CAIRO — A French teenager killed in a bombing at a landmark Cairo bazaar was on a school trip with several dozen classmates, many of whom were wounded, the mayor of her hometown said today.
Sunday night’s explosion from a homemade bomb hit the busy main square of the sprawling Khan el-Khalili market, which was packed with tourists, including the French high school tour group. The 17-year-old girl from a Paris suburb was killed, and at least 24 people were wounded, most of them French students.
The girl, whose name has not been released, was on a trip with 41 other teenage students, said Patrick Balkany, mayor of her hometown, Levallois-Perret, a suburb on Paris’ northwest edge.
The students were nearing the end of their trip when the attack occurred, Balkany told RTL radio today. He said some of the students had serious wounds, and other students suffered psychological shock from the “horror” of the experience.
“We are faced with a dreadful drama,” Balkany said.
France’s prime minister, Francois Fillon, denounced what he called an “odious attack.”
“There are people who want to destabilize Egypt, which is one of the moderate countries in the region,” Fillon told journalists in Paris. “It is an illustration of the violence that we must eradicate.”
There was no immediate claim of responsibility for the bombing. Islamic extremists have in the past attacked tourists in an attempt to hurt Egypt’s biggest source of income. Sunday’s attack — the first on tourists in three years — comes as the tourist industry is already suffering under the global financial crisis, which has meant fewer visitors to the country.
The Khan el-Khalili, is a 650-year-old bazaar of narrow, winding alleys. Dotted with old mosques and Islamic monuments and shops, it is one of the top tourist spots in Cairo, often crowded with foreigners coming to shop and hang out in its numerous cafes. In April 2005, a suicide bomber in the market killed himself, two French citizens and an American.
Sunday’s bomb was packed with TNT and explosive black powder, said Egypt’s state-run news agency, MENA. A government statement said it was placed under a bench in a busy square in front of one of Cairo’s most revered shrines, the Hussein mosque. Some security officials, however, said the explosive had been thrown into the square, and it was unclear which version was correct.
Security officials said three people were in custody. Authorities safely detonated a second bomb that was found. The officials spoke on condition of anonymity because they were not authorized to talk to the press.
Among the wounded were 19 French youths, a German, three Saudis and an Egyptian, according to a hospital report. Three French teenagers remained in the intensive care unit today. One had a lung injury, another broken legs and the third suffered a ruptured ear drum.

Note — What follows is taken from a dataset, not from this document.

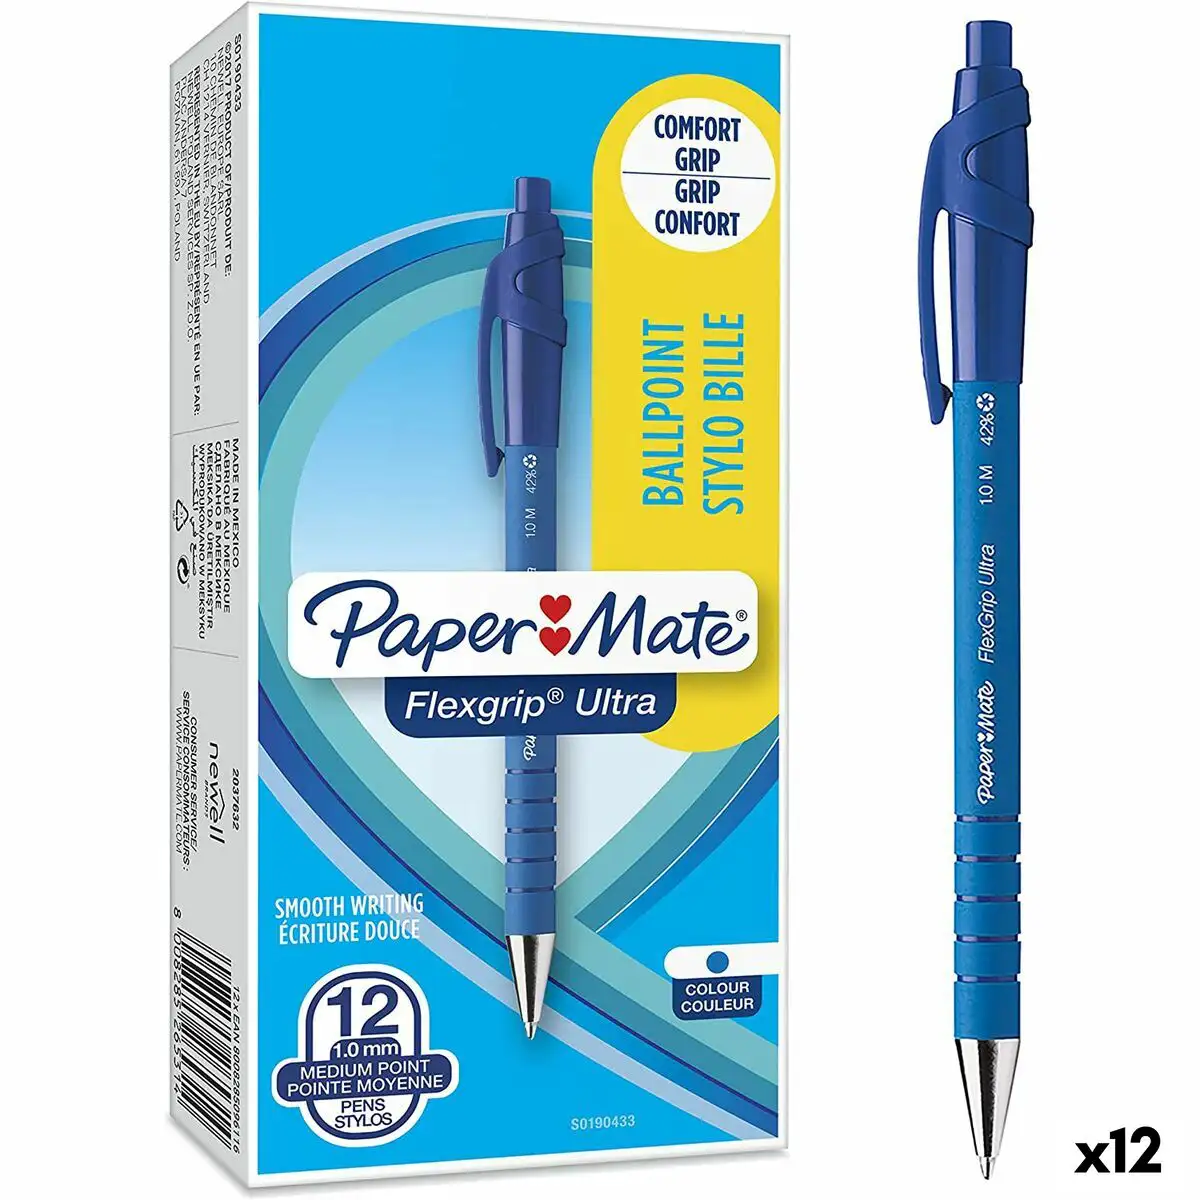 Crayon paper mate flexgrip ultra 12 pieces bleu 1 mm 12 unites _4276. Bienvenue chez DIAYTAR SENEGAL - Où Choisir est un Voyage. Plongez dans notre plateforme en ligne pour trouver des produits qui ajoutent de la couleur et de la texture à votre quotidien.

One of the injured Saudis said he and his two friends were heading toward the Hussein mosque when the blast went off behind them.
“The minute we stepped out of the taxi and walked a few steps, an explosion rocked the area,” said Mohammed Behees, a 31-year-old teacher from Riyadh who was injured by shattered glass.
Egypt fought a long war with Islamist militants in the 1990s, culminating in a massacre of more than 50 tourists in Luxor in 1997. The rebels were largely defeated, and there have been few attacks since then in the Nile valley.
But from 2004 to 2006, a string of bombings against resorts in the Sinai Peninsula killed 120 people, including in the Sinai’s main resort of Sharm el-Sheik.
Still, tourism has proven resilient after those attacks, with foreigners still pouring in for Egypt’s resorts and antiquity. Tourism brought in $10.8 billion in fiscal 2007-2008, making it Egypt’s top money earner.
Sunday’s attack as well is likely to have little long-term impact, said officials at tour operator Travco Group and analysts at Cairo-based investment banks EFG-Hermes and Beltone Financial.
More damaging is the world economic meltdown, which is making many in Egypt’s prime European markets decide to stay home rather than travel for vacation. Tourist arrivals are expected to decline by 18 percent in 2009 to roughly 10.5 million visitors, EFG-Hermes said.